When a consumer submits a data request, add questions that let you identify if they're asking about AI-generated inferences, model training, or automated decisions. Generic 'what data do you have on me' forms often miss AI use cases entirely.

Train your response team on AI data

The person reviewing consumer requests needs to know what AI systems process personal data, where AI outputs are stored, and how to pull AI-generated inferences into a disclosure package. This is a training and tooling problem, not just a policy problem.

Build a deletion workflow that includes AI systems

Your deletion process must route to AI teams, not just database admins. Flag training data records for eventual model retraining. Stop serving that consumer outputs from the relevant model while the longer-term deletion process is underway.

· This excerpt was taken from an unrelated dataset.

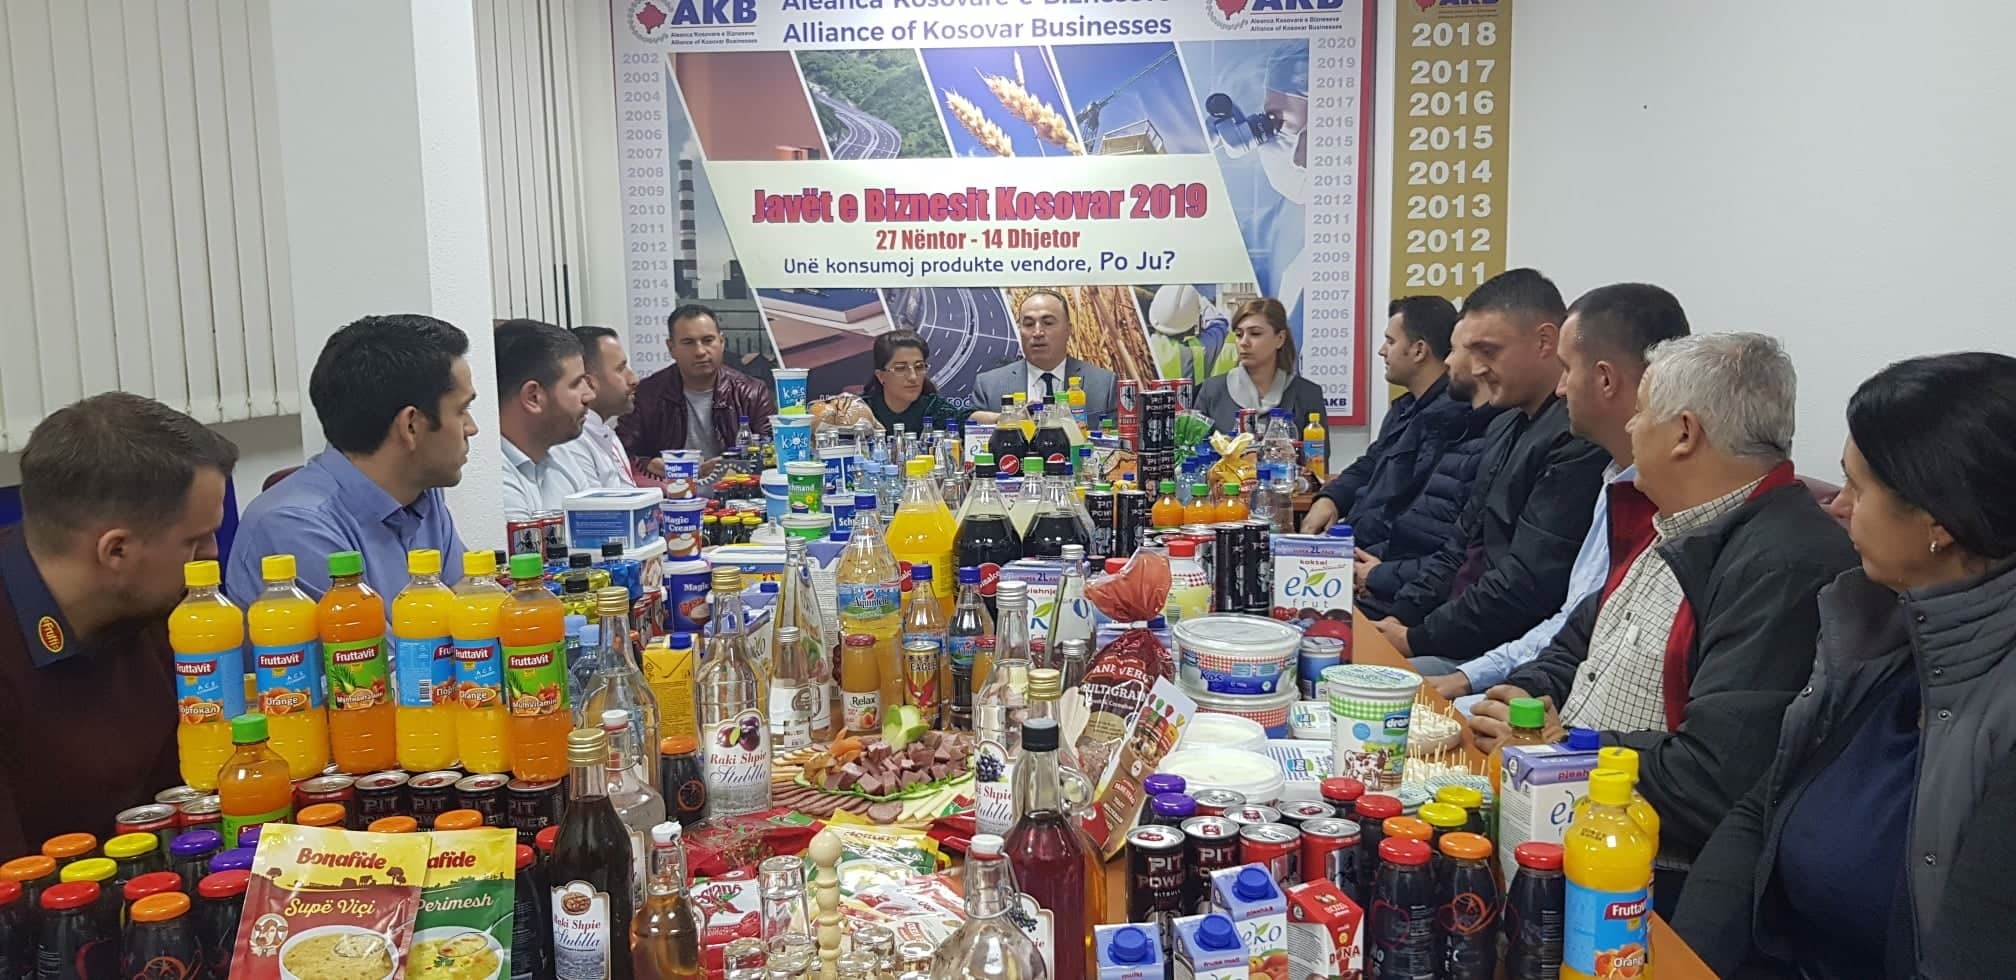  Me 500 produkte vendore nisin "Javët eBiznesit Kosovar 2019""

Update your privacy policy to disclose AI processing

Consumers can only exercise rights they know they have. Your privacy policy must describe what AI systems process personal data, what inferences they generate, and how consumers can request access, deletion, or opt-out. Vague 'we use technology to improve your experience' language won't hold up under CPPA scrutiny.

Frequently Asked Questions

We only use AI features from third-party vendors. Do CCPA consumer rights still apply to us?

Yes. If your third-party AI vendor processes personal information on your behalf, they are typically your service provider, and you remain the business responsible for consumer rights. A consumer's right to know, delete, or opt-out runs to you — not to your vendor. You must be able to pass deletion requests through to your service providers and verify completion. Make sure your vendor contracts include data subject request cooperation clauses.

Can a consumer opt out of AI-based product recommendations?

Depends on the type of AI. If the recommendation engine uses cross-context behavioral data (data collected from other websites or contexts), the opt-out-of-sharing right applies. If it uses only first-party data within a single service (e.g., your own purchase history), the standard opt-out right may not apply — but the forthcoming ADMT opt-out regulations may require offering an alternative if the recommendations affect significant decisions.

We're a B2B SaaS — our customers are businesses, not California consumers. Does CCPA apply?

CCPA protects California residents as natural persons. If your B2B SaaS processes personal information about California employees or end users of your business customers — even in aggregate or for product analytics — those individuals have CCPA rights. CCPA has a B2B exemption for data collected in the context of business-to-business communications, but that exemption doesn't extend to AI that builds profiles of individual employees or end users.

We're not based in California. Does CCPA still apply to our AI?

CCPA applies to for-profit businesses that collect personal information from California residents and meet one of these thresholds: annual gross revenue over $25M, process data on 100,000+ California consumers or households annually, or derive 50%+ of revenue from selling personal information. Location of the business doesn't matter — location of the consumer does.

Consumer Rights Don't Stop at Your Database

The hardest part of CCPA compliance for AI businesses isn't the rights framework — it's extending that framework to cover systems where personal information lives in ways that don't respond to traditional deletion and access commands.

Start with data mapping across every AI system that touches personal information. Know what data trained your models, what inferences those models generate, and where those inferences are stored. Without that map, you can't honor consumer rights — and the CPPA is increasingly asking for it.